Sarsfield had achieved his objective, and the taking of Sligo came only a short time before Schomburg’s disease ridden withdrawal from Leinster in early November. Combined, the two events were crucial for the Jacobite position in Ireland as 1689 came to a close, and for Jacobite morale generally, especially after the previous failures at Enniskillen and Londonderry. On either side of the country, the Williamites had been pushed back into Ulster, and for very little loss. Sarsfield’s time in the region had been mixed, with Beeleck being a calamity that reflected very poorly on him. But his campaign to re-take Sligo had shown that aggressive and committed leadership could get results, even if the Jacobite armies were not in the best nick. It was the Williamite’s turn to suffer from poor leadership, with Lloyd blundering through two engagements with Sarsfield’s vanguard before just leaving Sligo to its fate.

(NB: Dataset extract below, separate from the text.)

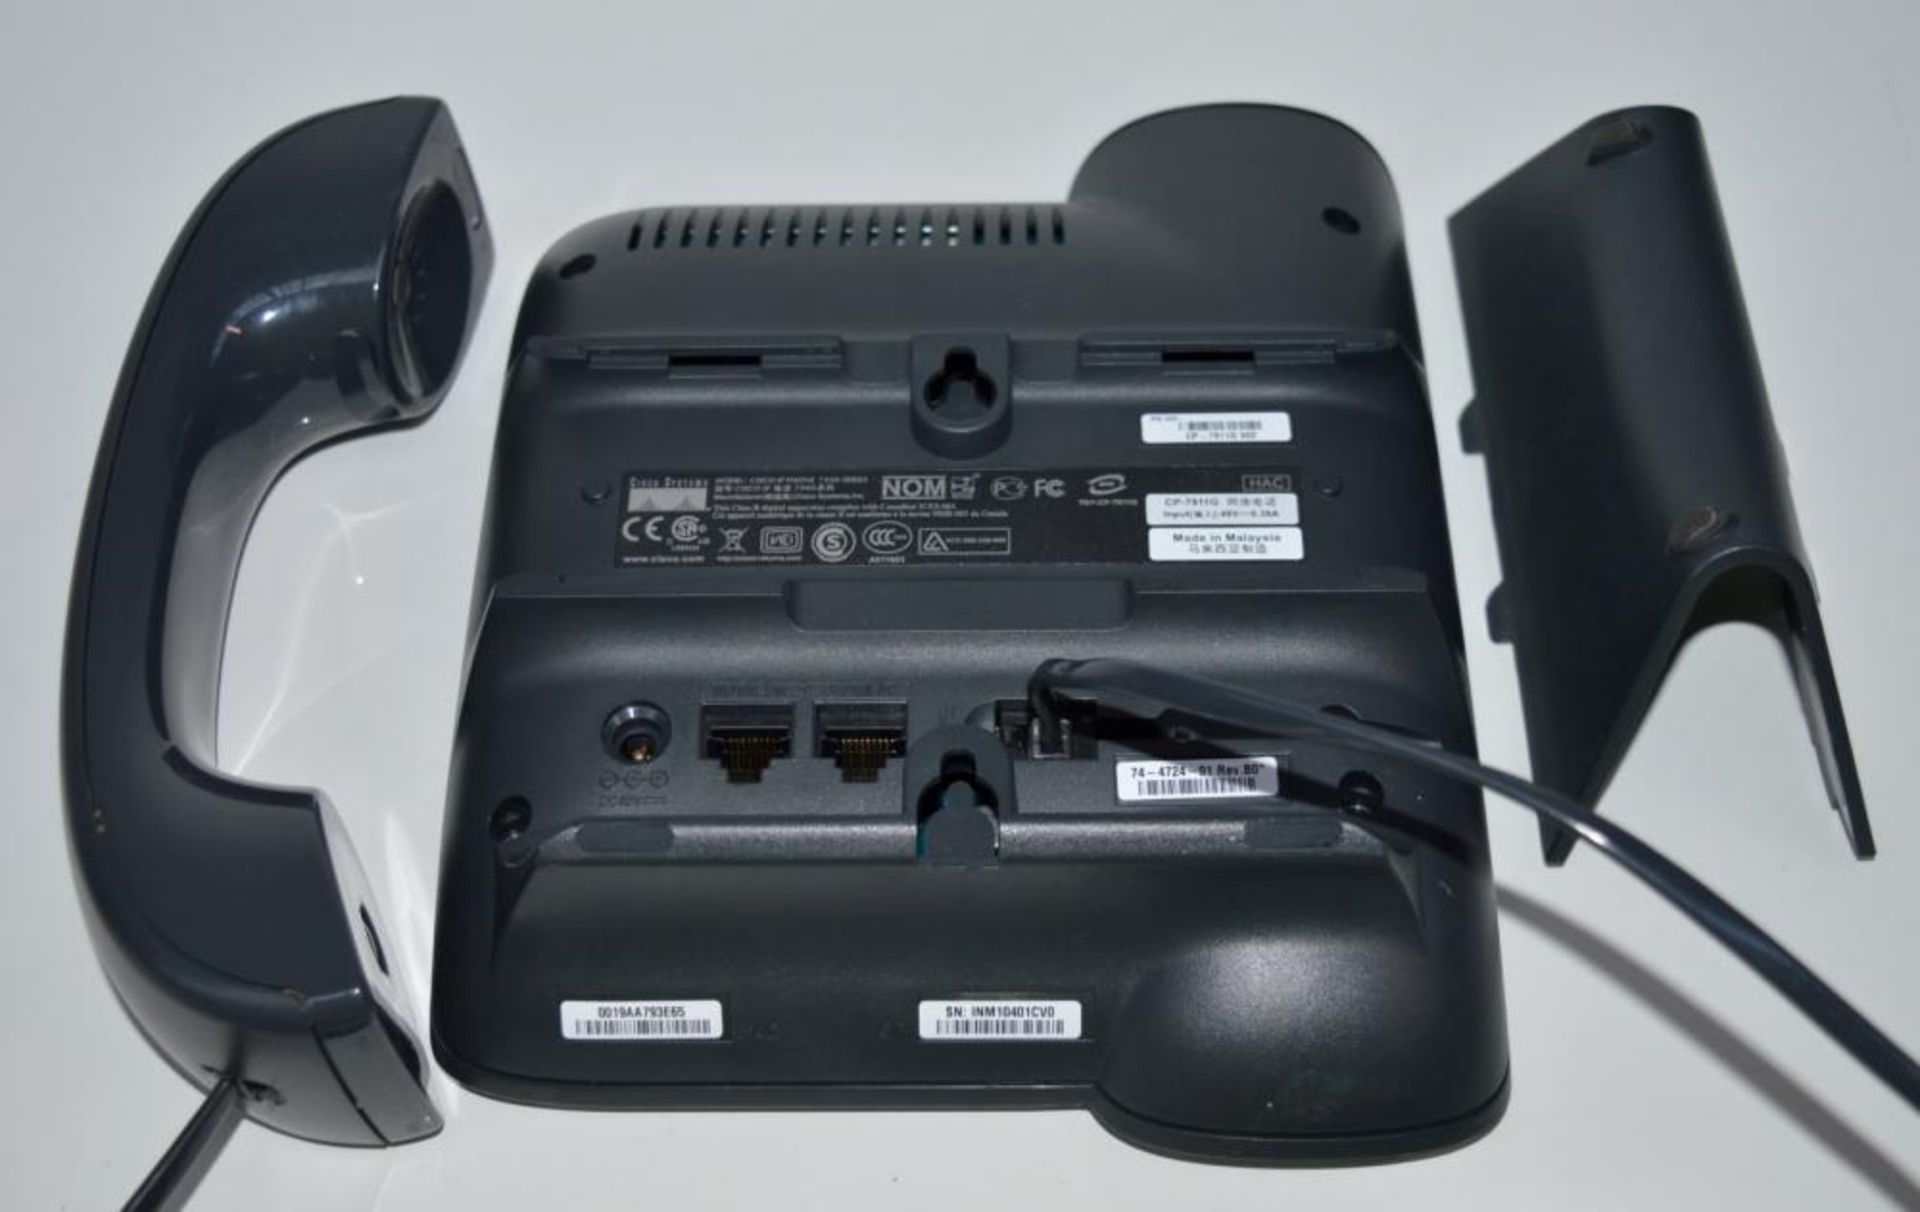 4 x Cisco CP-7911G Unified IP SIP Phones - Removed From a Working Office Environment in Good - Image 8 of 8

The re-taking of Sligo was not a giant success really, but it demonstrated that the Jacobites were not entirely hopeless – nor the Williamites entirely invincible in opposing them – when it came to propagating James II’s cause. Now 1689 would come to an end, with the situation in Ireland far from resolved, or looking like it would be resolved any time soon. The new year would bring battle and death aplenty.